American information technology company

Riverbed Technology LLC is an American information technology company. Its products consist of software and hardware focused on Unified Observability, Network Visibility, End User Experience Management, network performance monitoring, application performance management, and wide area networks (WANs), including SD-WAN and WAN optimization.

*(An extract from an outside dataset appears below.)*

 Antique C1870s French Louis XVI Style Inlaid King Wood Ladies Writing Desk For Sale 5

Riverbed has its headquarters in Redwood City, near San Francisco. Founded in 2002, the company was recapitalized in December 2021 and its majority shareholder was Apollo Global Management at the time. In 2023, it was acquired by private equity firm Vector Capital.

==History==

=== Origins and founding (2002) ===
Jerry Kennelly, former CEO, and Steve McCanne, former CTO, founded a technology company in May 2002, originally named NBT (Next Big Thing) Technology.
The company became Riverbed Technology in 2003. Kennelly and McCanne led internal development of the first SteelHead appliances, the 500, 1000, 2000, and 5000 models, and the first SteelHead shipped in April 2004 to Environment Canada.

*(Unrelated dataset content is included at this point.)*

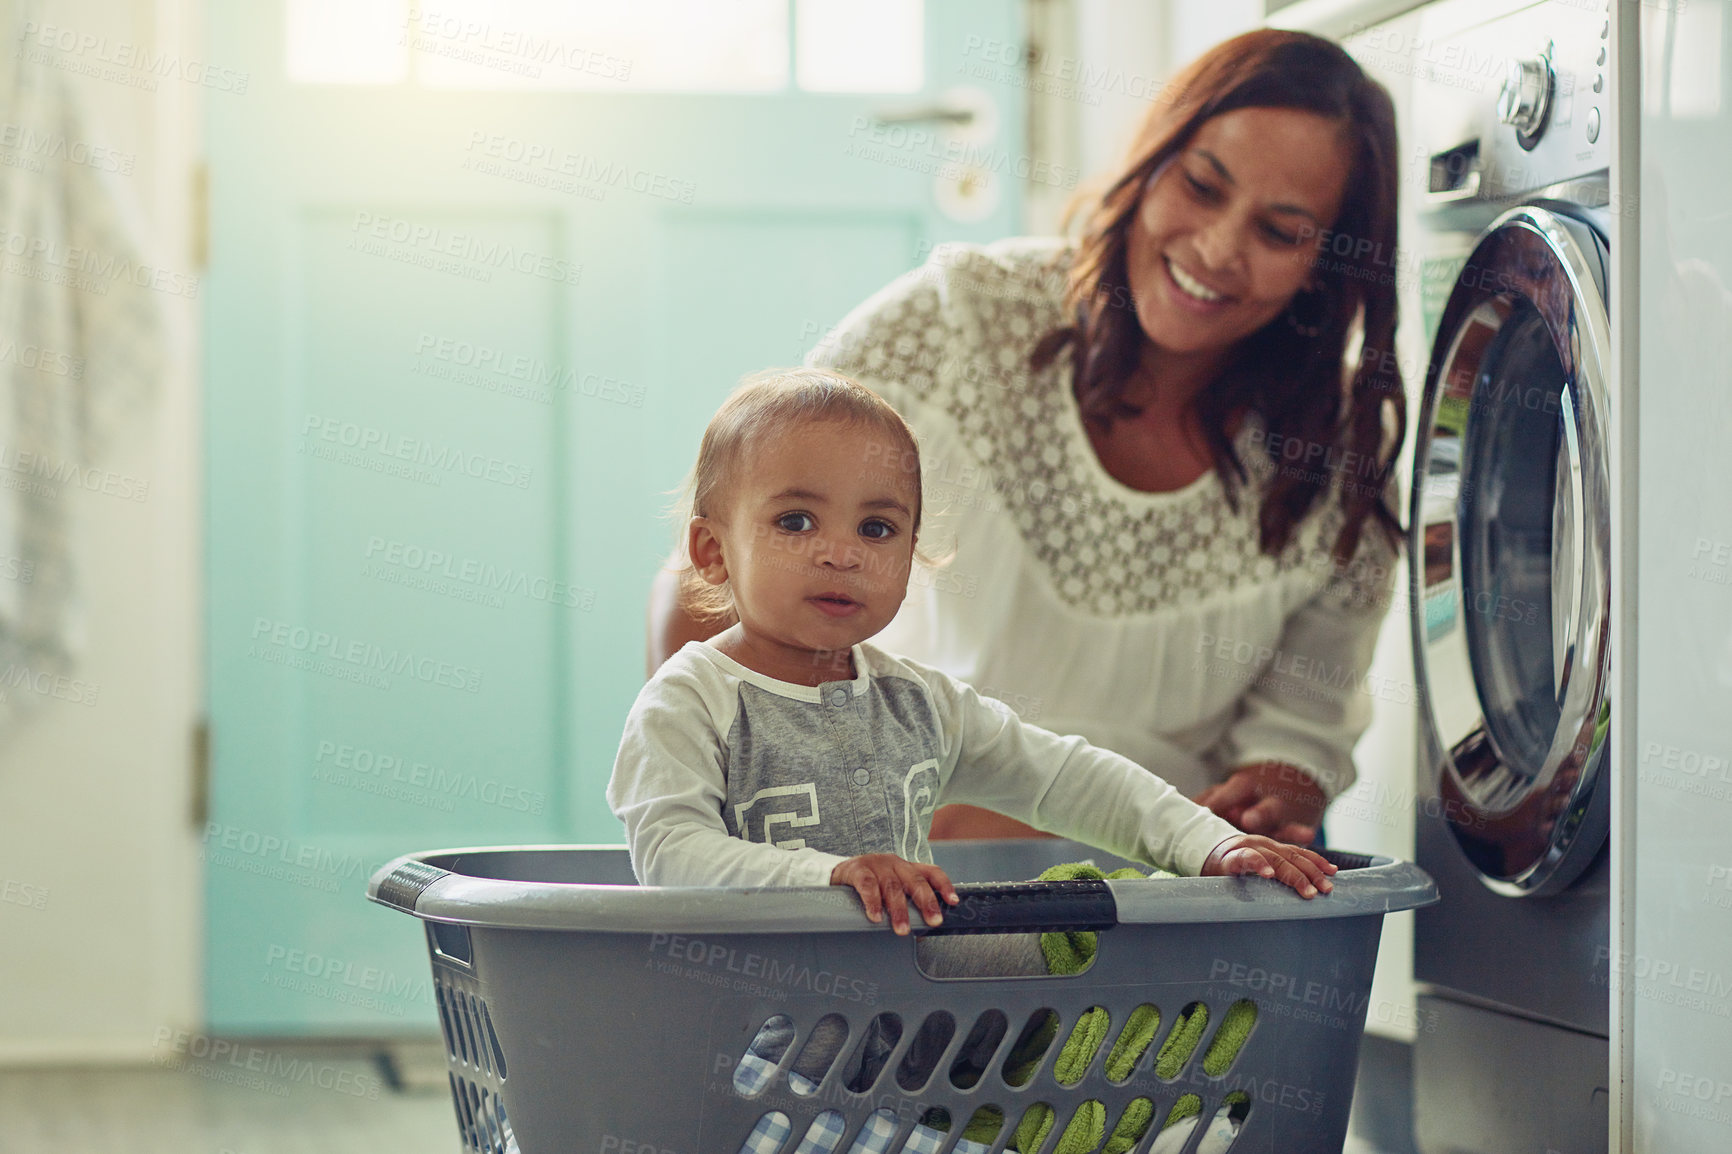 Buy stock photo Shot of a mother and her adorable baby boy doing the laundry at home

=== Public company and acquisition offers (2006-2015) ===
Riverbed stock began trading on NASDAQ September 21, 2006.
Riverbed opened up an off-site location at Research Park, University of Illinois at Urbana-Champaign before 2009.

In February 2014, the US hedge fund Elliott Management Corporation made a $3.36 billion offer to acquire Riverbed (after a bid of $3.08 was rejected).

In October 2014 NetApp acquired Riverbed's SteelStore line of data backup and protection products,
which NetApp later renamed as "AltaVault".

On December 15, 2014, Riverbed announced it would be acquired by private equity investment firm Thoma Bravo, LLC and Teachers’ Private Capital, the private investor department of Ontario Teachers’ Pension Plan. The value was estimated at $3.6 billion, and closed in April 2015.

=== Leadership and sales (2018-present) ===
On April 3, 2018, Riverbed announced the retirement of co-founder and CEO Jerry M. Kennelly and appointment of Paul Mountford as CEO.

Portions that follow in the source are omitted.